> _DATA SHOWN_
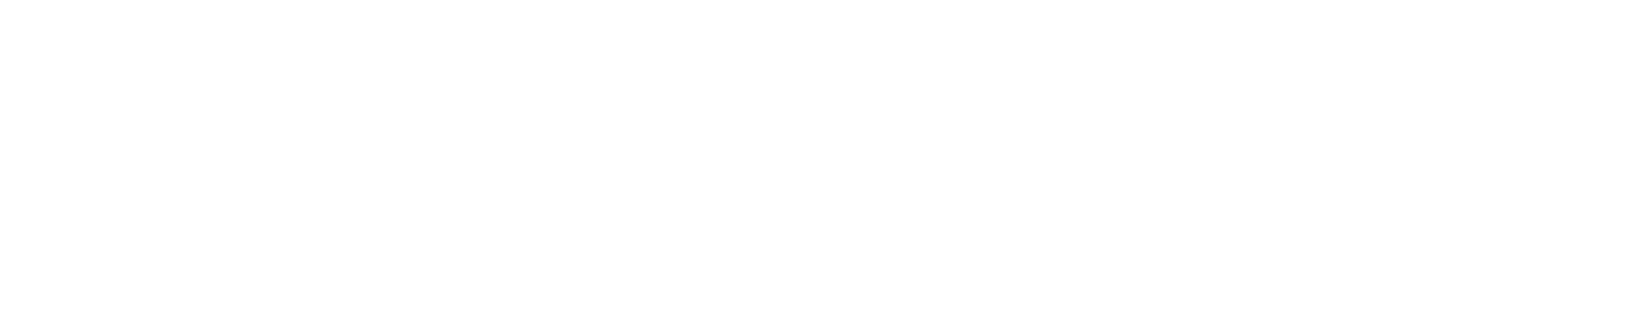 Robinhood logo large for dark backgrounds (transparent PNG)
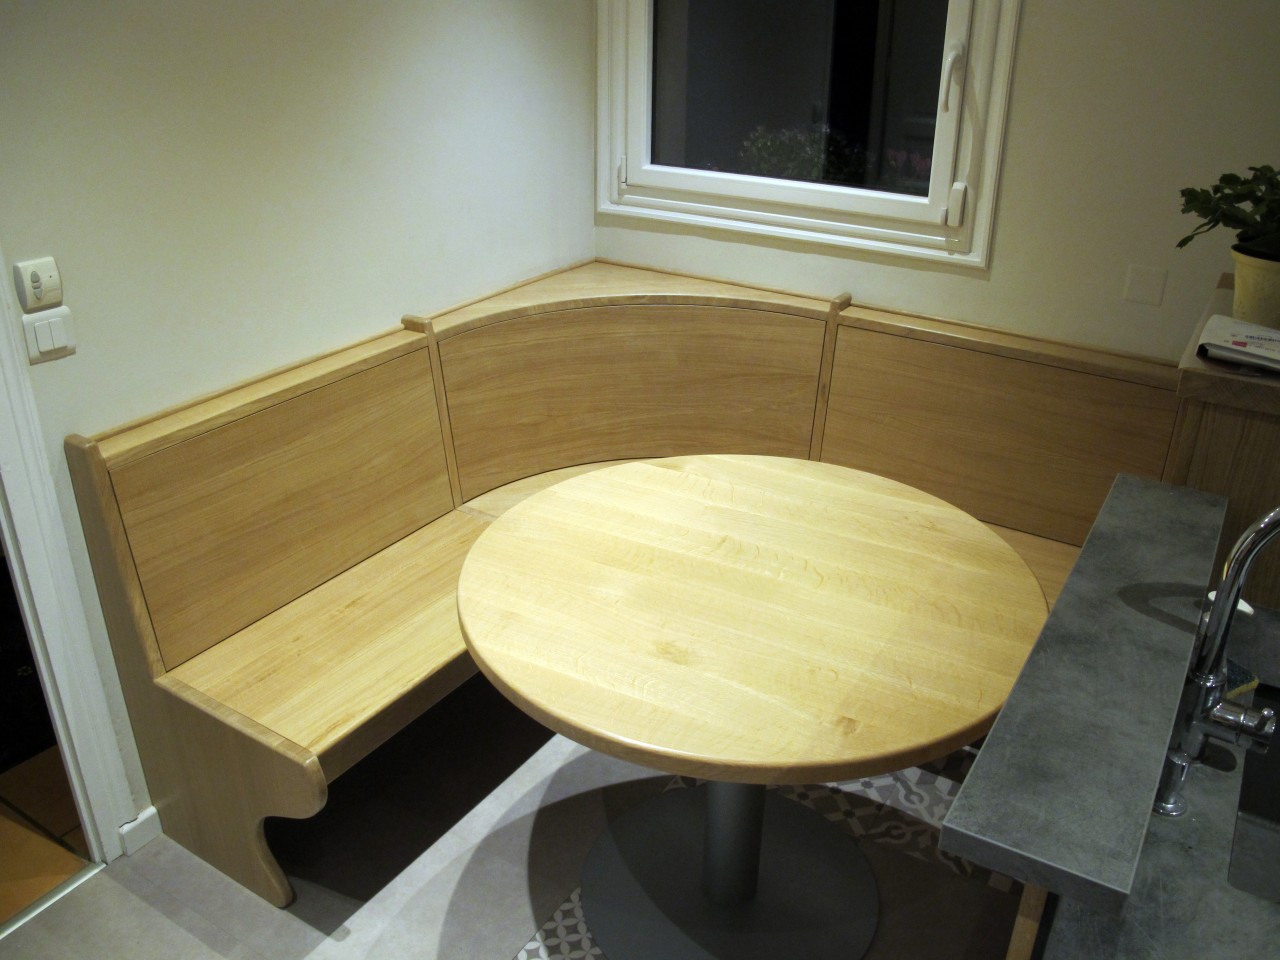 La banquette d'angle et la table ronde en chêne dans leur globalité. Elles permettent de créer un espace conviviale dans la cuisine.
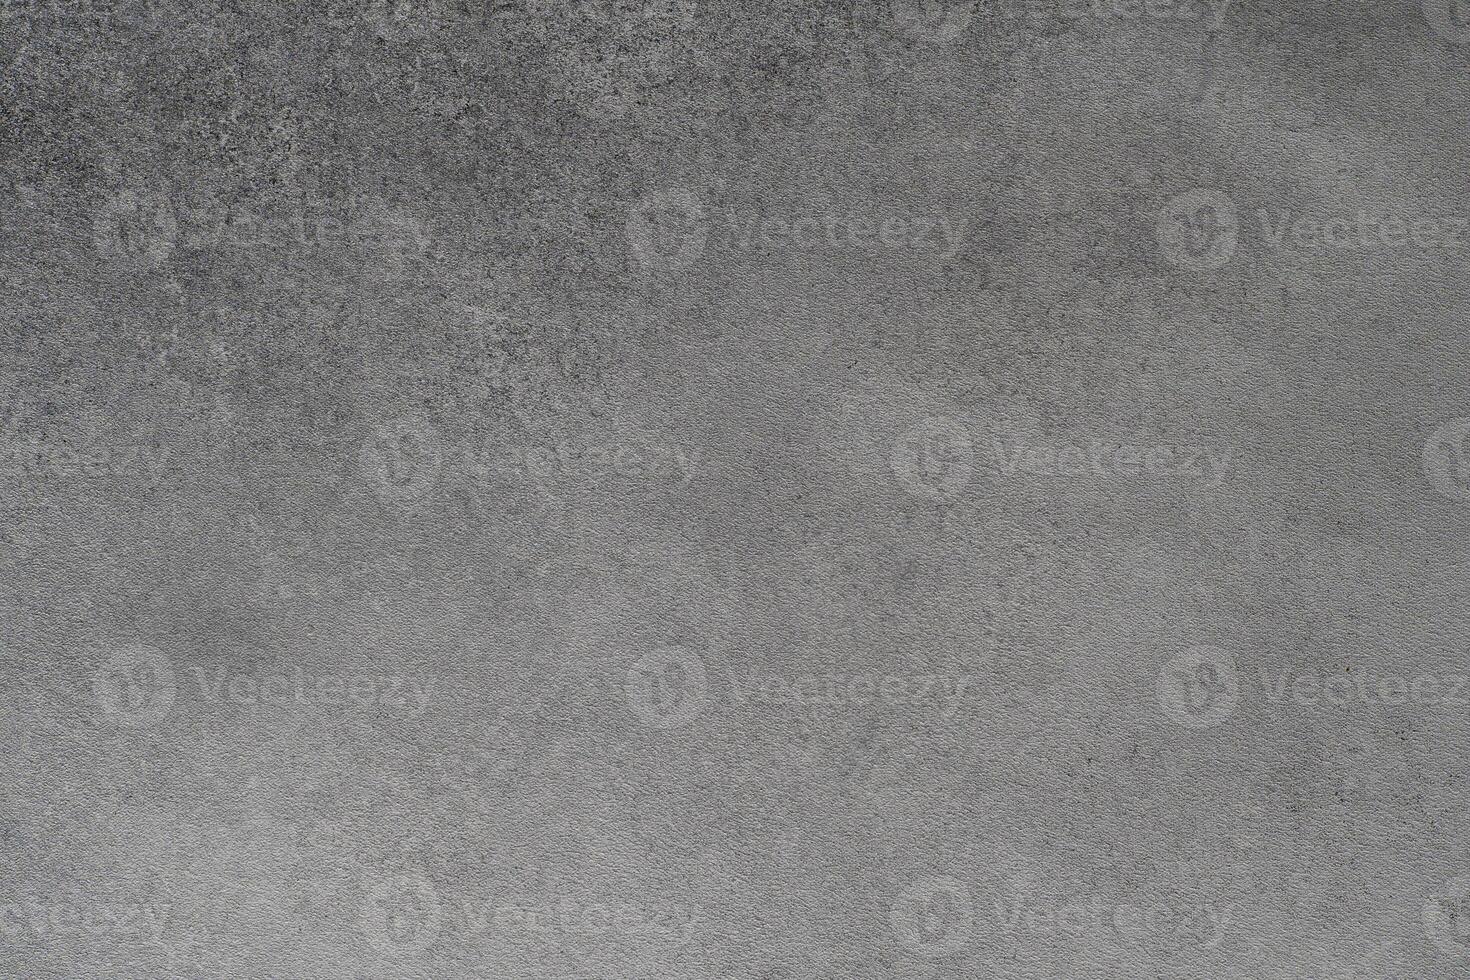 grå bakgrund. betong lutning abstrakt Färg. foto

> _DIRECTIONS_
Every line between the one containing "La banquette d'angle" and the last line of the data above, both included, should be copied exactly, but not the pictures.

> _RESULT_
 La banquette d'angle et la table ronde en chêne dans leur globalité. Elles permettent de créer un espace conviviale dans la cuisine.
 grå bakgrund. betong lutning abstrakt Färg. foto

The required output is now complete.